Any tips for getting out of a “rise to the occasion mindset” and into a “sink to your training” mindset?
I’m usually optimizing for getting the most out of my A-game bursts. I want to start optimizing for my baseline habits, instead. I should cover the B-, C-, and Z-game; the A-game will cover itself.
Mathaphorically, “rising to the occasion” is taking a max of a max, whereas “sinking to the level of your habits” looks like a greatest lower bound.
I used to think “community builder” was a personality trait I couldn’t switch off, but once I moved to the bay I realized that I was just desperate for serendipity and knew how to take it from 0% to 1%. Since the bay is constantly humming at 70-90% serendipity, I simply lost the urge to contribute.
Benefactors are so over / beneficiaries are so back / etc.
Cope isn’t a very useful concept.
For every person who has a bad reason that they catch because you say “sounds like cope”, there are 10x as many people who find their reason actually compelling. Saying “if that was my reason it would be a sign I was in denial of how hard I was coping” or “I don’t think that reason is compelling” isn’t really relevant to the person you’re ostensibly talking to, who’s trying to make the best decisions for the best reasons. Just say you don’t understand why the reason is compelling.
the author re-reading one year+ out:
My views on value of infographics that actually look nice have changed, perhaps I should have had nicer looking figures.
“Unlike spreadsheets, users can describe in notebooks distributions, capturing uncertainty in their beliefs.” seems overconfident. Monte carlo has been an excel feature for years. My dismissal of this (implicit) makes sense as a thing to say because “which usecases are easy?” is a more important question than “which usecases can you get away with if you squint?”, but I could’ve done a way better job at actually reading and critiquing excel programs that feature monte carlo.
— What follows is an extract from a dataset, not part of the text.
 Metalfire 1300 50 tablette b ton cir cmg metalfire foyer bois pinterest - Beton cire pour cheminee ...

Viv told me to fix this and I ignored them because I liked the aesthetics of the sentence at the time: “which defines compositional systems as fluid de- and re-composition under the abolition of emergent properties”—viv was right. I’ve changed my views on the importance of writing being boring / non-idiosyncratic, also even my prose aesthetic preferences change over time (I no longer enjoy this sentence).
“(this use case isn’t totally unlike what Ergo accomplishes)” I keep thinking about ergo, perhaps a paragraph in the “whiggish history” section would’ve been appropriate, since API access to some zoo of scoring rules / crowd wisdom is a pretty obvious feature that many platforms would foreseeably prioritize.
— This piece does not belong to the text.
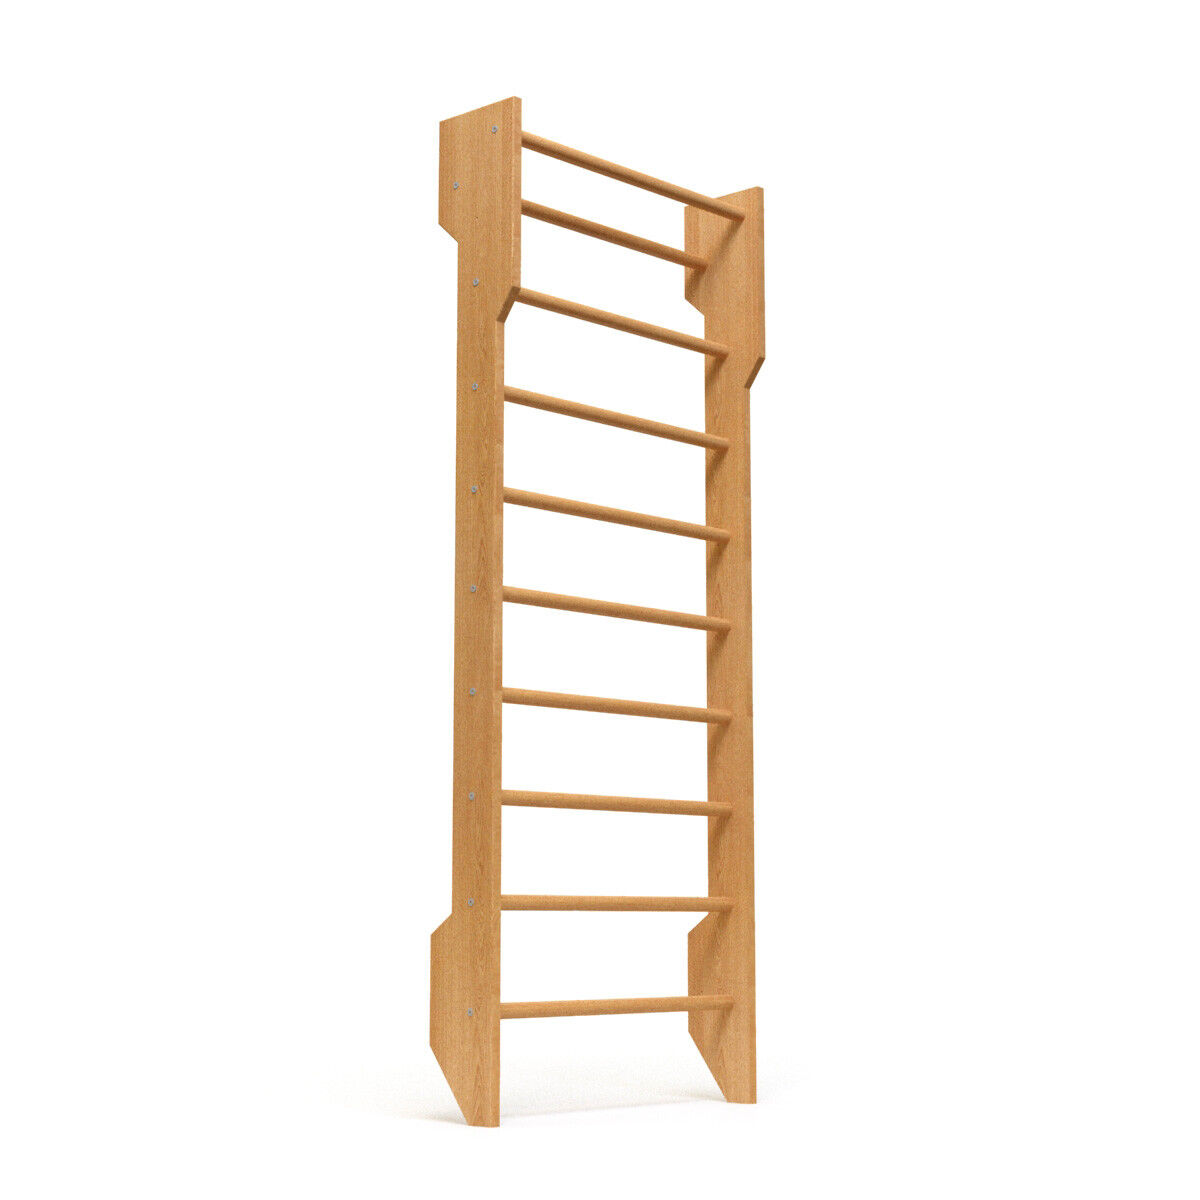 Swedish Ladder Sport Gymnastic Climbing Wall Bars Home Gym Workout

I underrated how strong the claims about compositionality (being precisely the sum of parts), since statistical noise is such a fundamental piece of the puzzle.
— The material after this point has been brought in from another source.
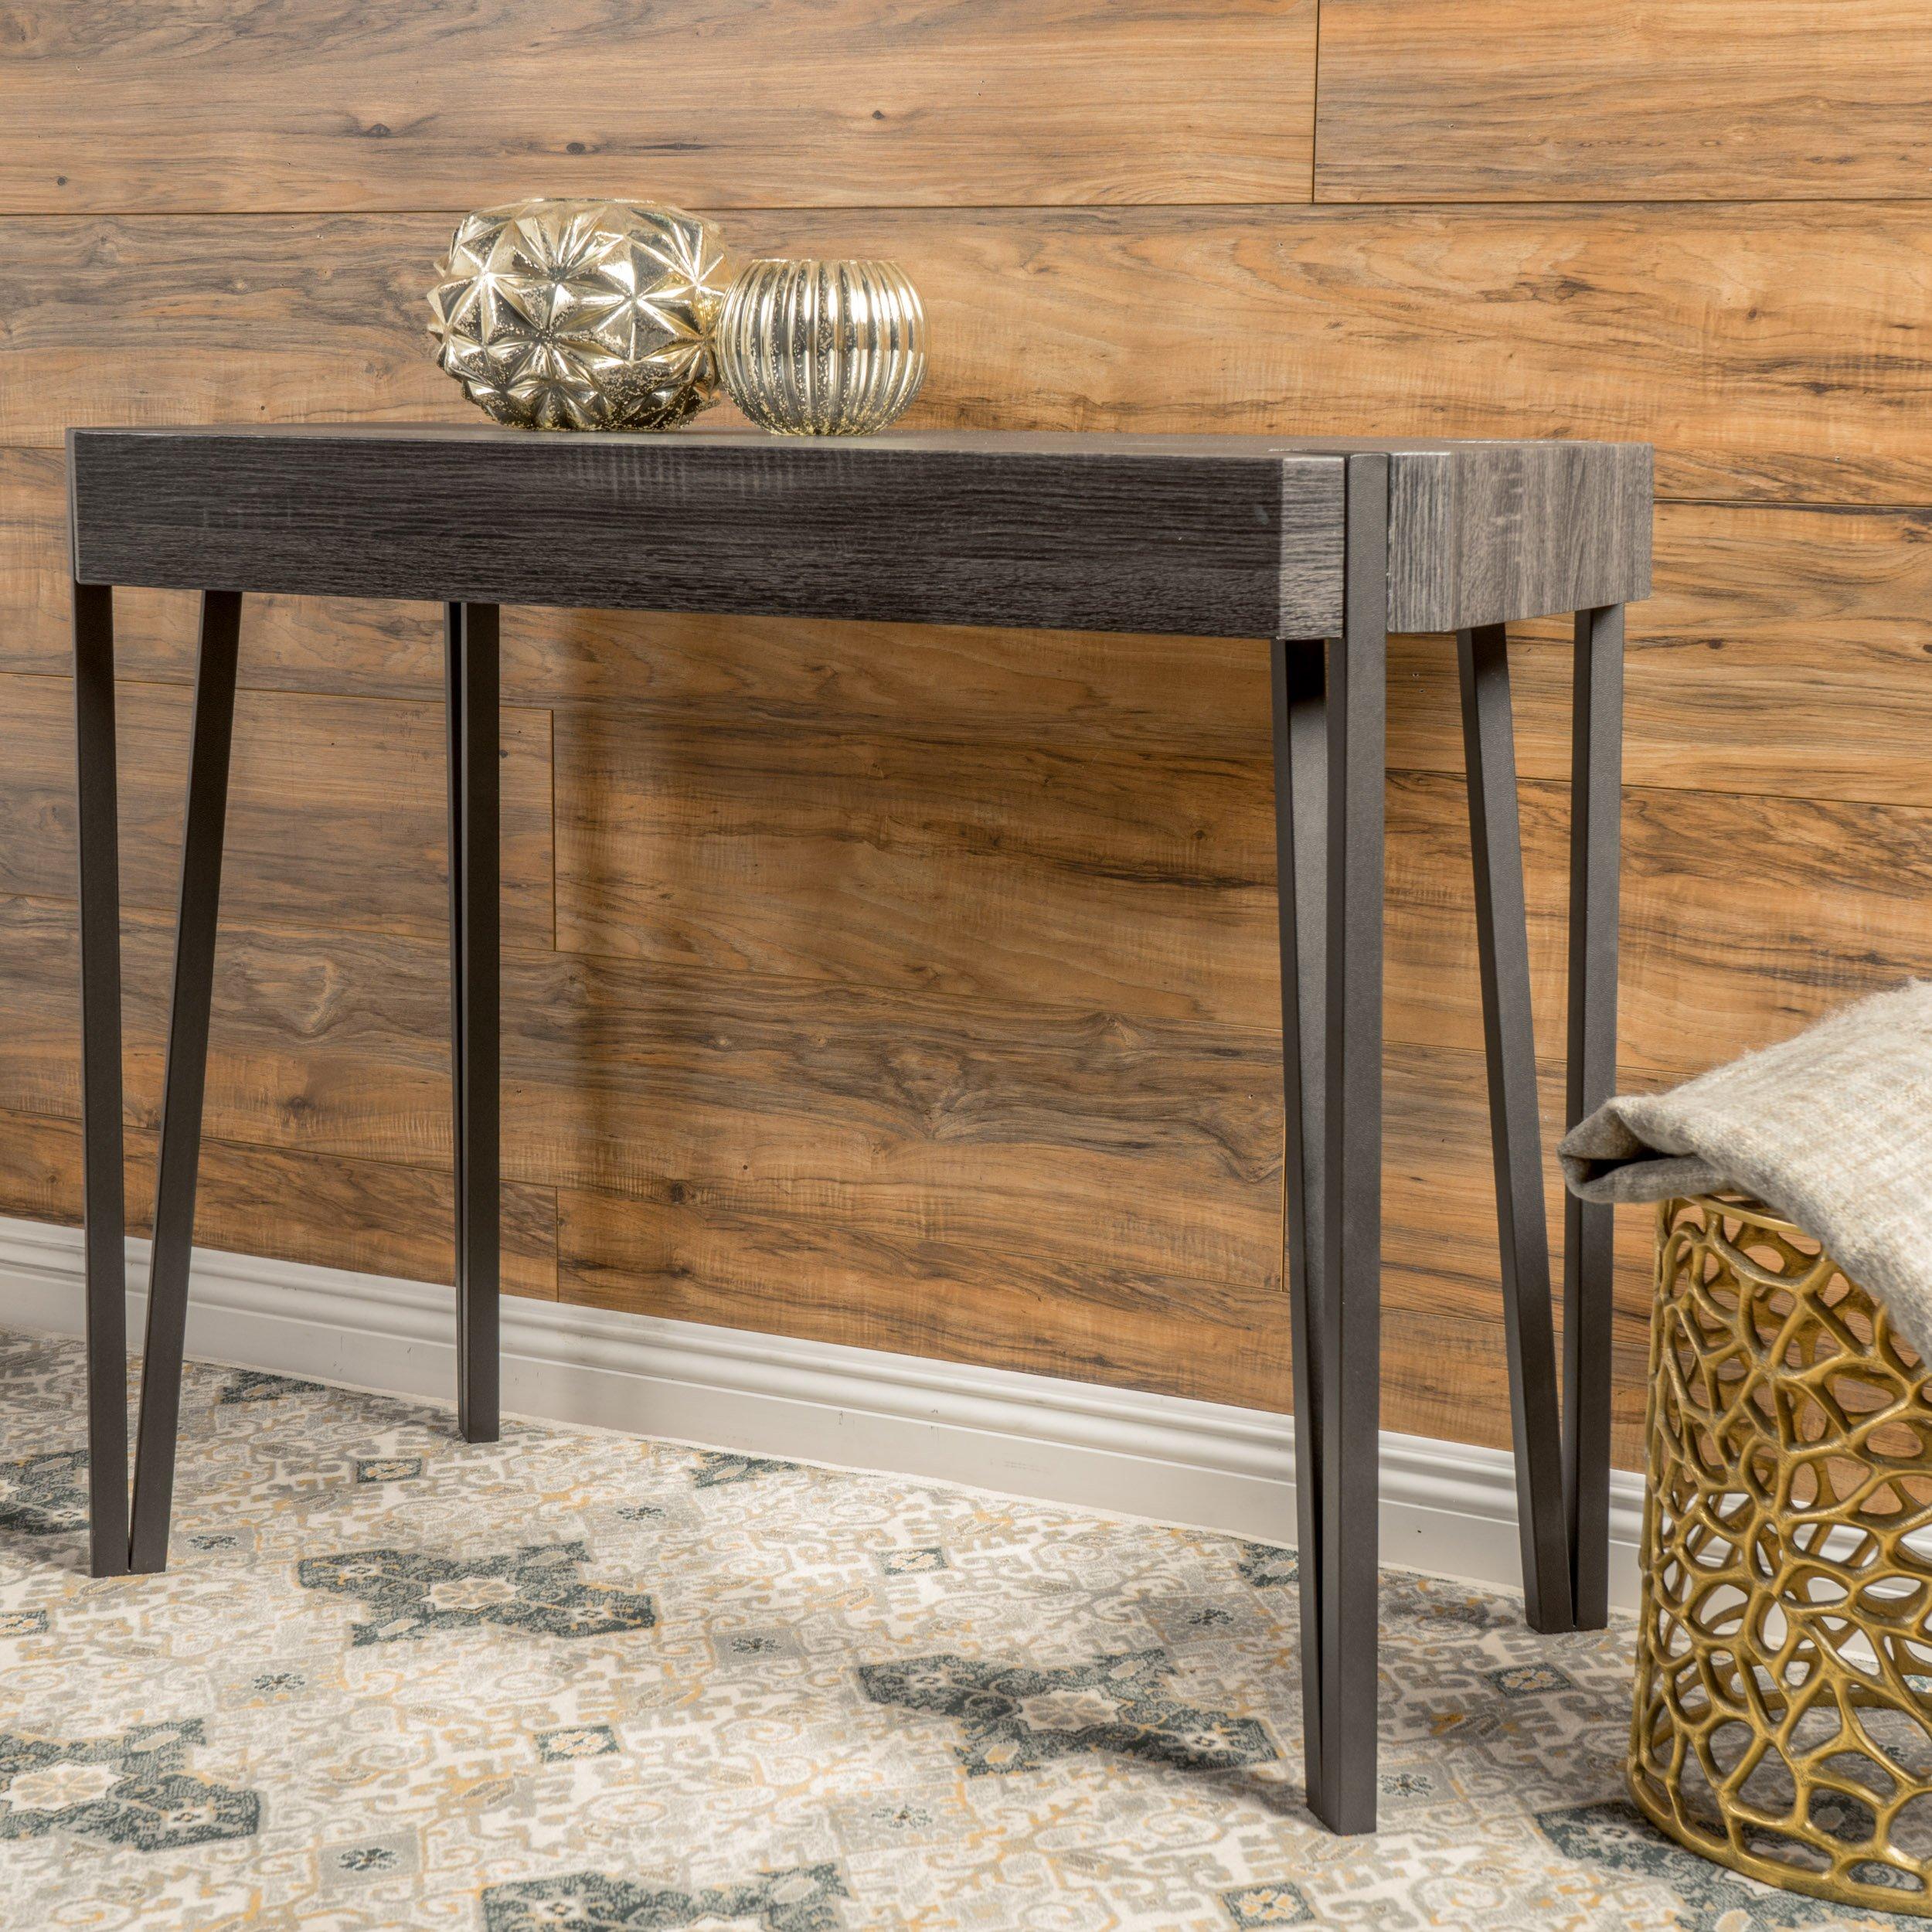 Christopher Knight Home 298288 Vidar Laminated Wood Console Table, Black by Christopher Knight Home

I haven’t been working on this stuff except a little on the side for most of the last year, but still get excited here and there. I returned to this post because I might have another post about module systems in software design, package management, and estimational programming written up in the not too distant future.
Overall, this remains a super underrated area.
I eventually decided that human chauvinism approximately works most of the time because good successor criteria are very brittle. I’d prefer to avoid lock-in to my or anyone’s values at t=2024, but such a lock-in might be “good enough” if I’m threatened with what I think are the counterfactual alternatives. If I did not think good successor criteria were very brittle, I’d accept something adjacent to E/Acc that focuses on designing minds which prosper more effectively than human minds. (the current comment will not address defining prosperity at different timesteps).
In other words, I can’t beat the old fragility of value stuff (but I haven’t tried in a while).
I wrote down my full thoughts on good successor criteria in 2021 https://www.lesswrong.com/posts/c4B45PGxCgY7CEMXr/what-am-i-fighting-for
AI welfare: matters, but when I started reading lesswrong I literally thought that disenfranching them from the definition of prosperity was equivalent to subjecting them to suffering, and I don’t think this anymore.